The general concept is that for "big" languages, there are different forums: e.g. for Spanish, you have "Spanish-English", "Spanish-French", "Spanish-Italian", "Spanish-German" and "Solo español". In these "big" language forums, you usually have to stick to the languages that the these forums are intended for. So, "Solo español" is Spanish only, and nothing else. I suppose it is the same for "English only".

The "smaller" languages (of which there is only one forum available, like e.g. "Nederlands-Dutch", usually allow different languages as long as the question has to do with the language of the forum in question.

For the "bigger" languages, if you want to discuss these languages in a language combination that is not covered by the different forums for that language, the forum "All languages" is there. There you can discuss any combination of languages.

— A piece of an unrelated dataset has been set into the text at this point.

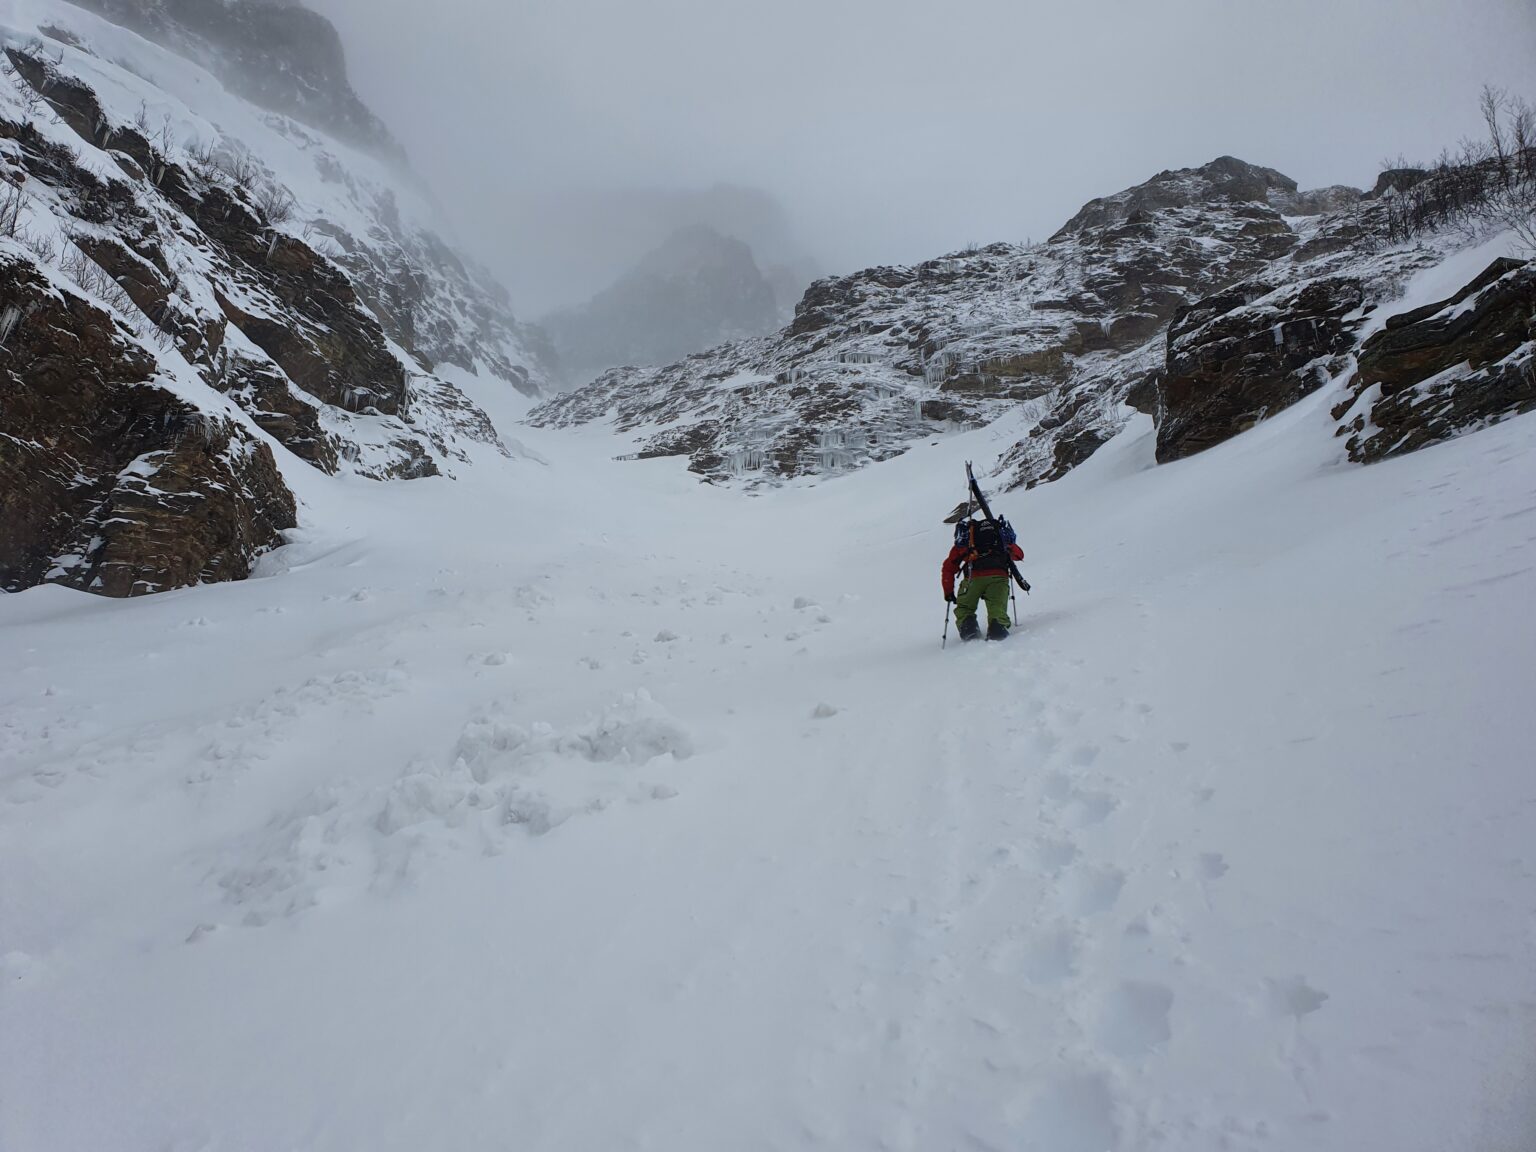 Climbing up the lower couloir on Rostafjellet

There is a good reason for this: the forums are used as an addition to the dictionary. The dictionary uses the thread titles to show threads as a supplement for dictionary entries. It wouldn't make any sense if someone looks up a word in Spanish and he would find threads that contain discussions about stuff in a language that has nothing to do with the intention of the person looking up something in the dictionary.


----------



## amikama

Peterdg said:


> For the "bigger" languages, if you want to discuss these languages in a language combination that is not covered by the different forums for that language, the forum "All languages" is there.


Other Languages forum, actually. All Languages forum is for translations into as many as languages.


----------